Testing for differences between groups of curves

We employed an Interval-Wise Testing algorithm developed for omics data (IWTomics25) to test for differences between the two groups of shifted mortality curves produced by probKMA with \(K=2\) (again, separately for DPC, ISTAT and MAX). IWTomics is a non-parametric, permutation-based functional hypothesis test. It contrasts two sets of curves aligned on a common domain to detect locations where their distributions differ significantly, and scales at which such significant differences are displayed (scales correspond to varying degrees of adjustment for multiple testing on intervals of varying lengths). Here locations are represented by the 65 days where the shifted mortality curves are defined, while scales vary from 1 day to the whole 65 days. The test was performed with the R package IWTomics25,61. The package allows the user to select among various possible test statistics. Since our tests contrasted groups of curves produced by probKMA with a Euclidean (\(L^2\)) distance, so that cluster centers are in effect the functional means of the aligned curves in each cluster, we employed the mean as test statistic in IWTomics. The number of permutations was set to 1000 (default value).

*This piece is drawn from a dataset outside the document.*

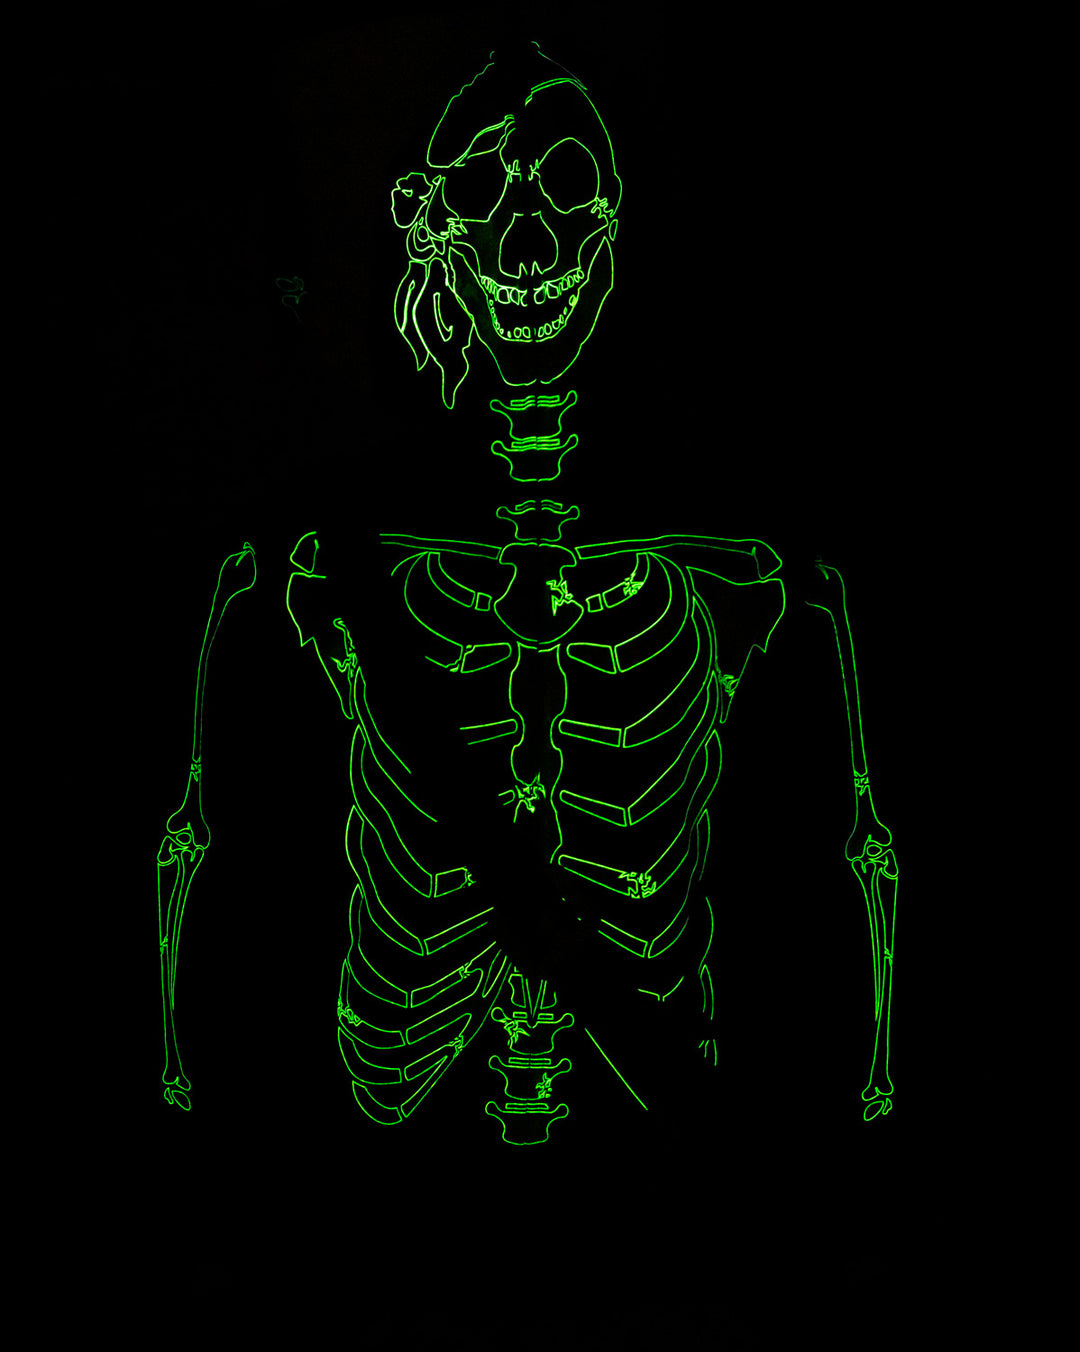 Glow in the Dark Pirate Skeleton Hoodie - Full Zip Hooded Costume – Calhoun  Store
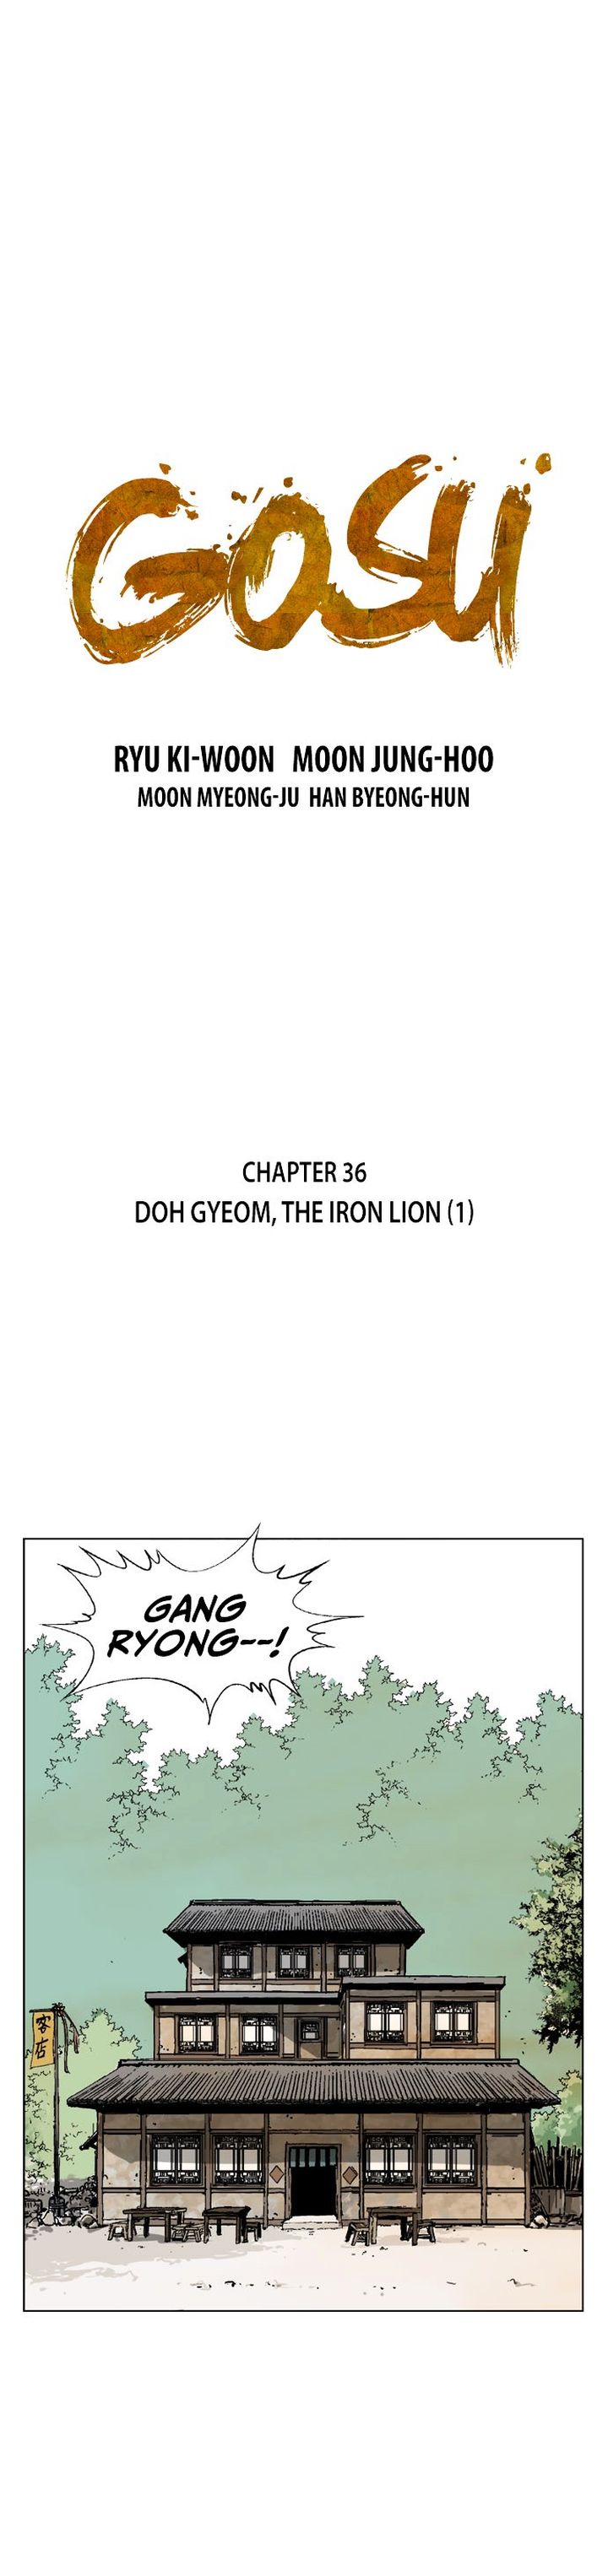 Gosu Chapter 36 Page 1

Functional boxplots and depth analyses

The functional boxplot28 is an exploratory tool used to visualize functional data. It is constructed after ordering a set of curves based on a depth measure, such as the modified band depth29. The statistics employed to construct a functional boxplots are: the 50% central region envelope, the median curve, and the maximum non-outlying envelope. The 50% central region envelope corresponds to the box in a classical boxplot; it contains the 50% deepest, most centrally located curves. The median, i.e. the deepest curve, is inside this box and represents a robust “center” of the functional data set. The maximum non-outlying envelope is obtained by inflating the 50% central region envelope by 1.5 times its range. All curves extending outside of this envelope are flagged as outliers (the fact that the ISTAT data set in Fig. 3(b) lacks outlying curves based on this definition is due to the width of its 50% central region envelope). We ranked the curves based on their depth measurements, after attributing a sign to such measurements with an ad hoc procedure. We subtract the median from each curve, and consider the share of the domain on which the difference is positive. If this is larger than 50%, we attribute a positive sign to the curve’s depth—otherwise, we attribute a negative sign. Curves can thus be ranked from the most outlying above the median (labeled as positive), down to those close to the median, down to the most outlying below the median (labeled as negative)—see Fig. 3(b). While this is not a fully general procedure, it works well on the DPC, ISTAT and MAX mortality curves we considered, which are rather unambiguously above/below the median (the share of the domain where the difference from the median is positive is \(\ge 70\) or \(\le 30\%\) for all curves in all three data sets). Note also that the median curve of a data set, defined as the deepest, does not necessarily have half of the curves above it and half of the curves below it in the signed ranking we created (e.g., Toscana is the median curve in both ISTAT and MAX data sets, but the number of curves above/below it differs).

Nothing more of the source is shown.